- _ASSIGNMENT_
Print this span of the material below exactly: the line with "Donaubrise_log", the line with "Miniforce Chio Max", and every line between them, but nothing else.

————

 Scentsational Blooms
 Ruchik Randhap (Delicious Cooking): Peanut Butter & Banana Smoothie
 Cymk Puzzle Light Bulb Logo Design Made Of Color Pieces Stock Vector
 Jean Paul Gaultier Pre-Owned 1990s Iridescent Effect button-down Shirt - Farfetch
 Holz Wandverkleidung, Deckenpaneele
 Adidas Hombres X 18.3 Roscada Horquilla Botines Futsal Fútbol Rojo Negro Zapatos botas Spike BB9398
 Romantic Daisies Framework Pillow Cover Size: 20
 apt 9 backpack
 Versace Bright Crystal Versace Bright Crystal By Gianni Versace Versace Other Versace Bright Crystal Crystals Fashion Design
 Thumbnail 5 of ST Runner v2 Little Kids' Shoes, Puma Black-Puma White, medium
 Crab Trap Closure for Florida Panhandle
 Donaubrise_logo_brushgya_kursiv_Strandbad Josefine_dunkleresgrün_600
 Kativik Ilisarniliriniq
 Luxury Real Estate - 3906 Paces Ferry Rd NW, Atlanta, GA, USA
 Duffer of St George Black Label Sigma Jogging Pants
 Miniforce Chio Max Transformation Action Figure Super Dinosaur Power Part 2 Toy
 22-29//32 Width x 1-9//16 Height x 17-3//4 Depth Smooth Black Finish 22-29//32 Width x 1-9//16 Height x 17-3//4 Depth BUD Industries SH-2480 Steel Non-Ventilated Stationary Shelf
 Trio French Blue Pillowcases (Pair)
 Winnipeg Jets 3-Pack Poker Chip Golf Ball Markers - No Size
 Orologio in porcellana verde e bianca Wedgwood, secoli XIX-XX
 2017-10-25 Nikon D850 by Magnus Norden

————

- _TASK SOLUTION_
 Donaubrise_logo_brushgya_kursiv_Strandbad Josefine_dunkleresgrün_600
 Kativik Ilisarniliriniq
 Luxury Real Estate - 3906 Paces Ferry Rd NW, Atlanta, GA, USA
 Duffer of St George Black Label Sigma Jogging Pants
 Miniforce Chio Max Transformation Action Figure Super Dinosaur Power Part 2 Toy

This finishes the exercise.